Iteration 20. Bigger models
04-09-2024
Goal
Study the tendency of using bigger models.
Motivation
It seems that using bigger models gives better results, I want to dig deeper into that trend.
Development
I can fine-tune Qwen2-7B
using 2xA6000 GPUs (80GB of VRAM). I have tried fine-tuning Qwen2-72B
on 8xA6000 but it
gave OOM error. I only could fine-tune when using int4 quantization, but it was terribly slow, 700s per batch.
Results
Train on ARC tasks
model | train steps | pass_2 |
---|---|---|
Qwen2-0.5B | 6000 | 7.10% |
Qwen2-1.5B | 6000 | 12.20% |
Qwen2-7B | 6000 | 20.40% |
Clearly the bigger models generalize better for the same number of training steps.
It seems that the accuracy improves linearly with the log of the parameters.

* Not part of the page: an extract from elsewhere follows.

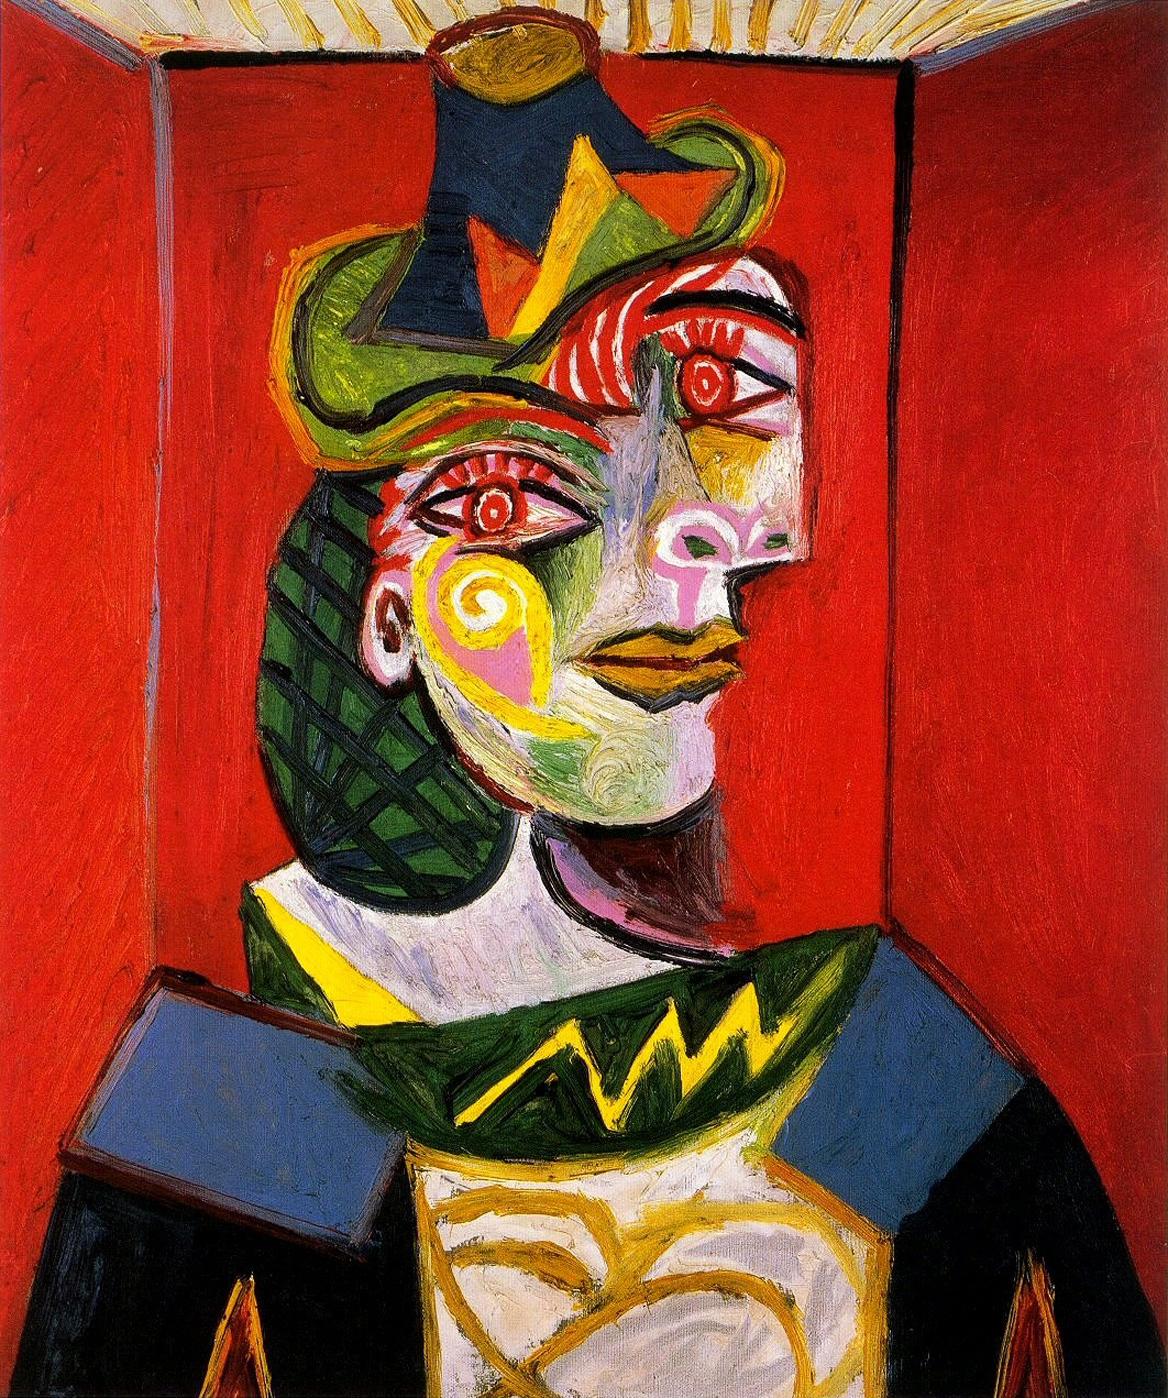 Dora Maar by Picasso, 1938

If the trend continues we will get a pass_2 accuracy of 50% if fine-tuning GPT4.
parameters | pass_2 estimation |
---|---|
0.5 | 7.10% |
1.5 | 12.58% |
7 | 20.27% |
72 | 31.91% |
2000 | 48.50% |
Click to see more detailed results
| model | train steps | train loss | val loss | accuracy | correct_pixels | correct_size | pass_64 | unanswered | pass_2 | |------------|-------------|------------|----------|----------|----------------|--------------|---------|------------|--------| | Qwen2-0.5B | 6000 | 0.053 | 0.16 | 2.80% | 66.30% | 84.20% | 18.50% | 2.80% | 7.10% | | Qwen2-1.5B | 6000 | 0.0302 | 0.154 | 5.30% | 69.60% | 87.50% | 26.00% | 2.80% | 12.20% | | Qwen2-7B | 6000 | 0.0135 | 0.129 | 7.30% | 71.30% | 87.70% | 27.00% | 3.20% | 20.40% | | model | train steps | train loss | val loss | accuracy | correct_pixels | correct_size | pass_64 | unanswered | pass_2 | |------------|-------------|------------|----------|----------|----------------|--------------|---------|------------|--------| | Qwen2-0.5B | 3000 | 0.075 | 0.157 | 1.60% | 66.30% | 85.10% | 11.50% | 3.40% | 7.10% | | Qwen2-1.5B | 3000 | 0.0505 | 0.138 | 3.70% | 68.70% | 86.50% | 19.50% | 3.10% | 11.20% | | Qwen2-7B | 3000 | 0.026 | 0.114 | 6.70% | 70.60% | 87.00% | 32.00% | 3.50% | 17.30% |Test-time fine-tuning
Already done a comparison on grid representation iteration
Conclusion
Next steps
TODO
- Can I make a submission with Qwen2-7B? Could I make test-time fine-tuning using quantization?
- Would Qwen2-7B improve if training for 12k or 24k steps?
- Are there competitive models in the 14B-30B ballpark to try?